[RECORD SET]

::::::

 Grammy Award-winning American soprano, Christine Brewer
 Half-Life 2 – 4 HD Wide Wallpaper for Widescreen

::::::

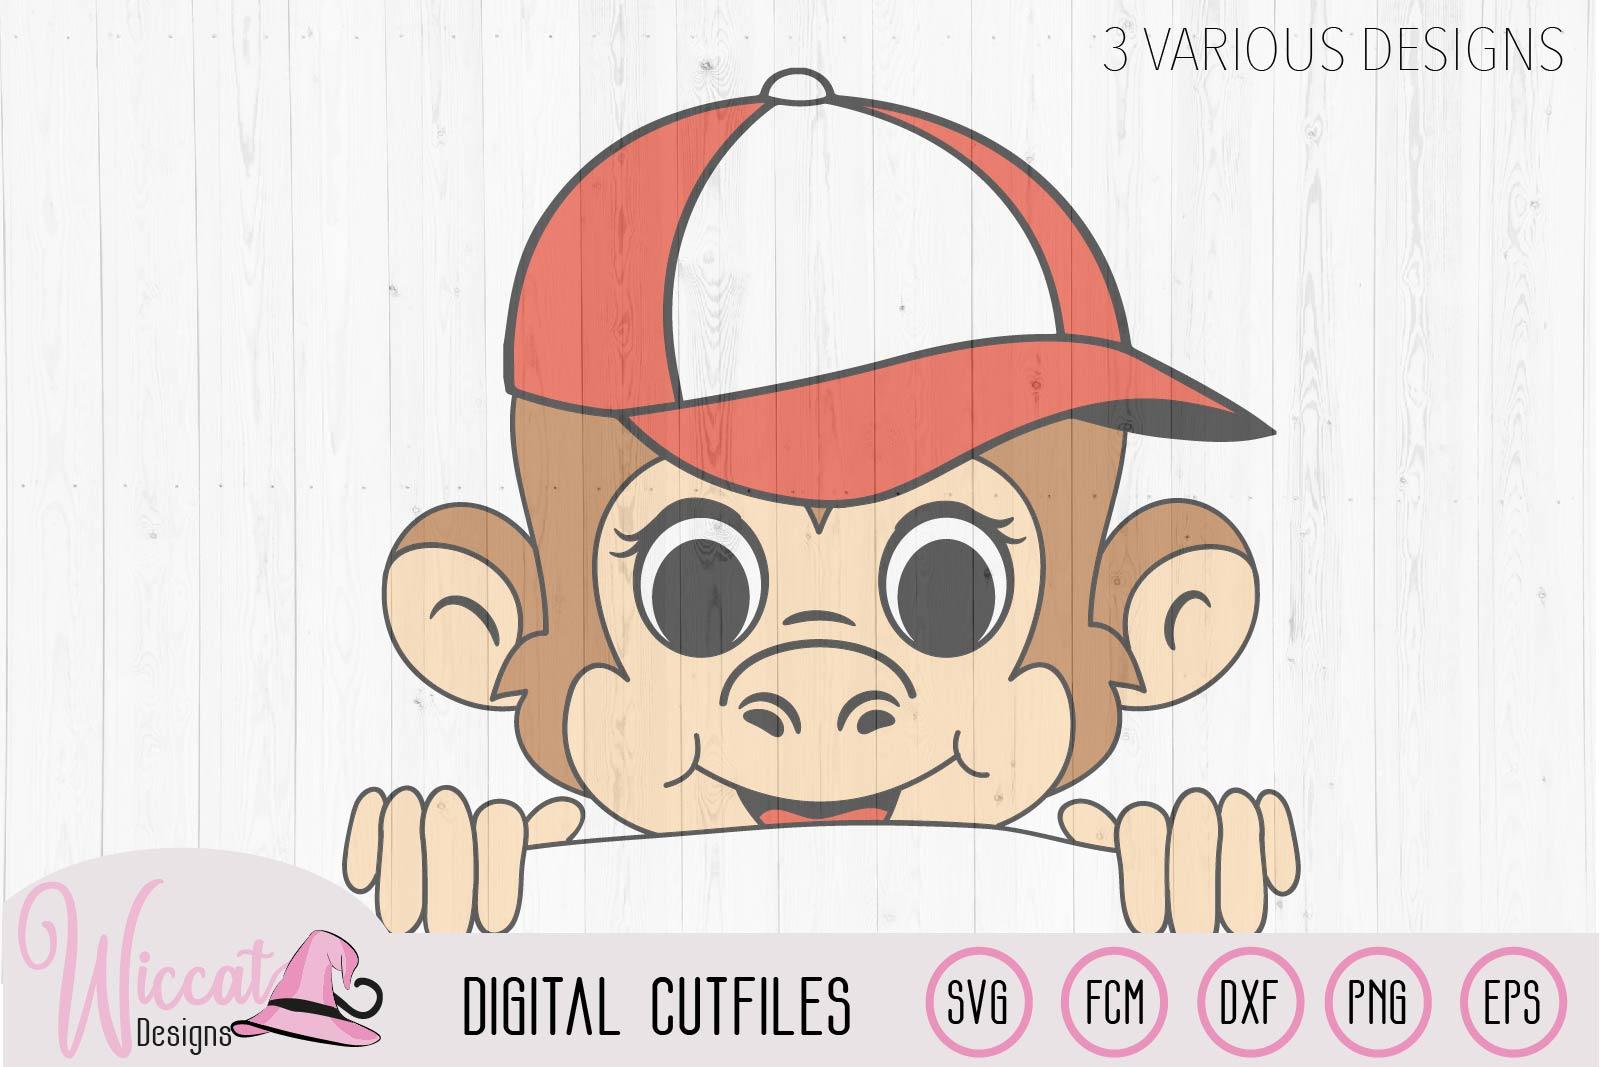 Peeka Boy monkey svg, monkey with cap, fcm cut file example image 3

::::::

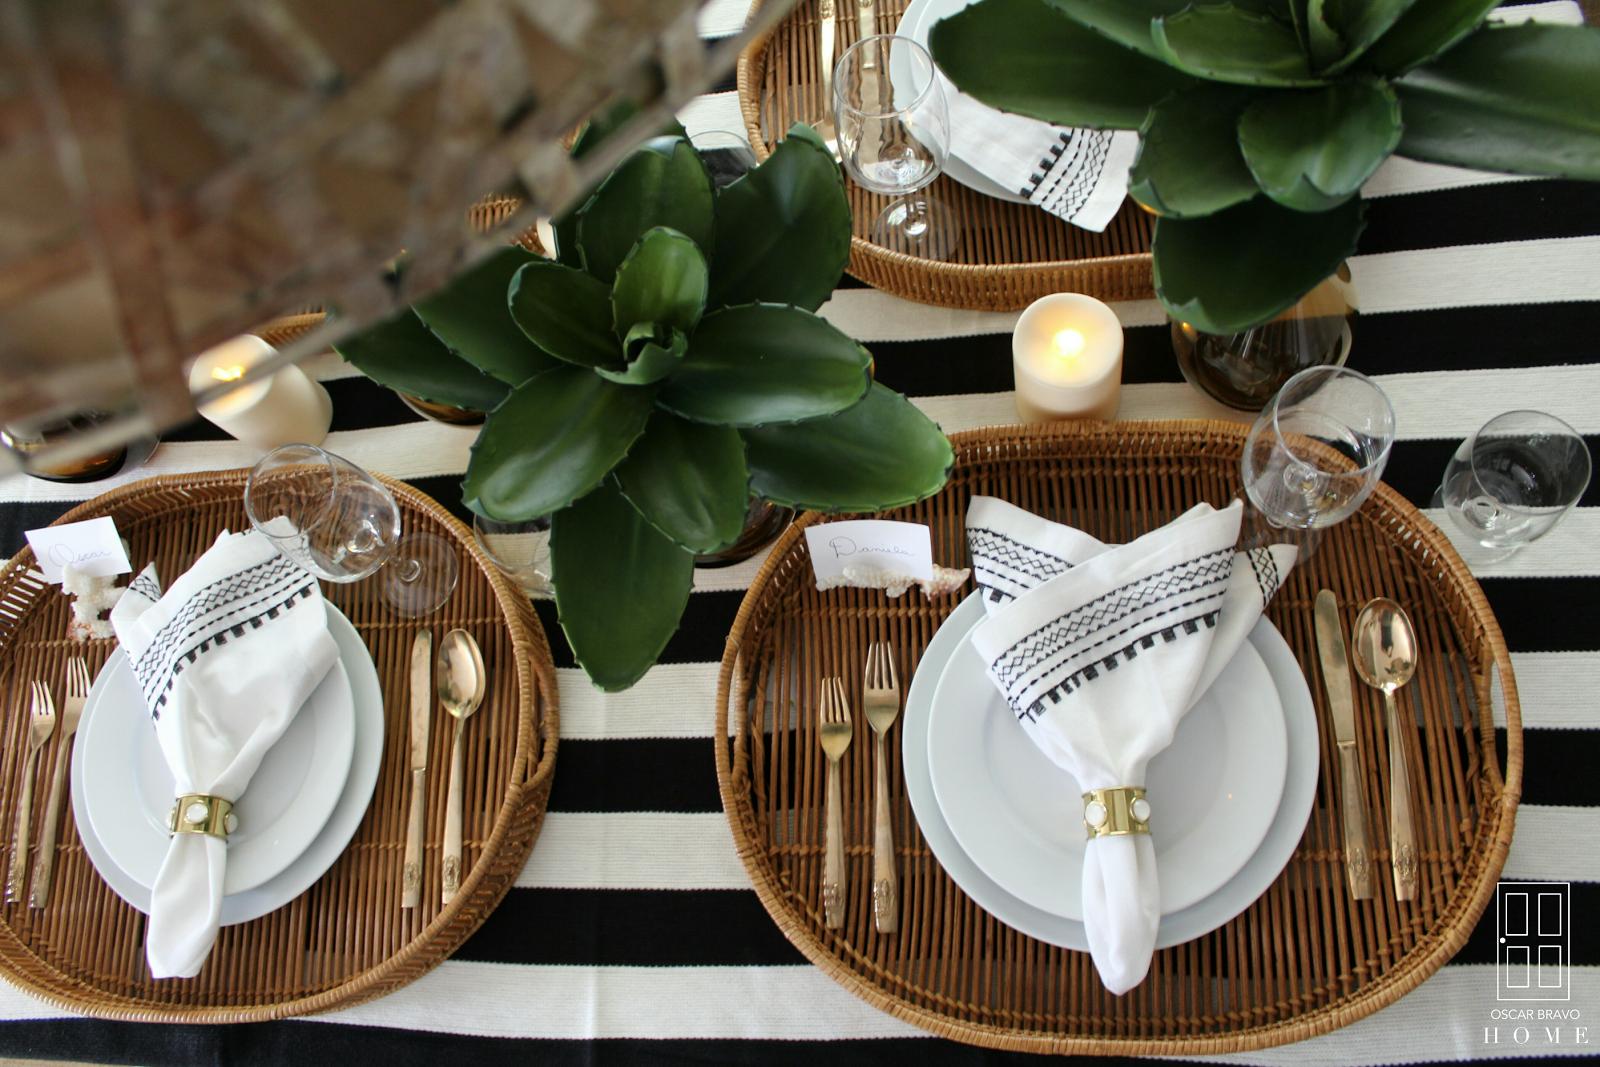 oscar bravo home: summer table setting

::::::

[WHAT NEEDS TO BE DONE] Lines to set down from above: the line with "Grammy Award-winning American", the line with "Half-Life 2 –", and every line between, each exactly as written.

[SOLUTION TO THE PROBLEM]
 Grammy Award-winning American soprano, Christine Brewer
 Half-Life 2 – 4 HD Wide Wallpaper for Widescreen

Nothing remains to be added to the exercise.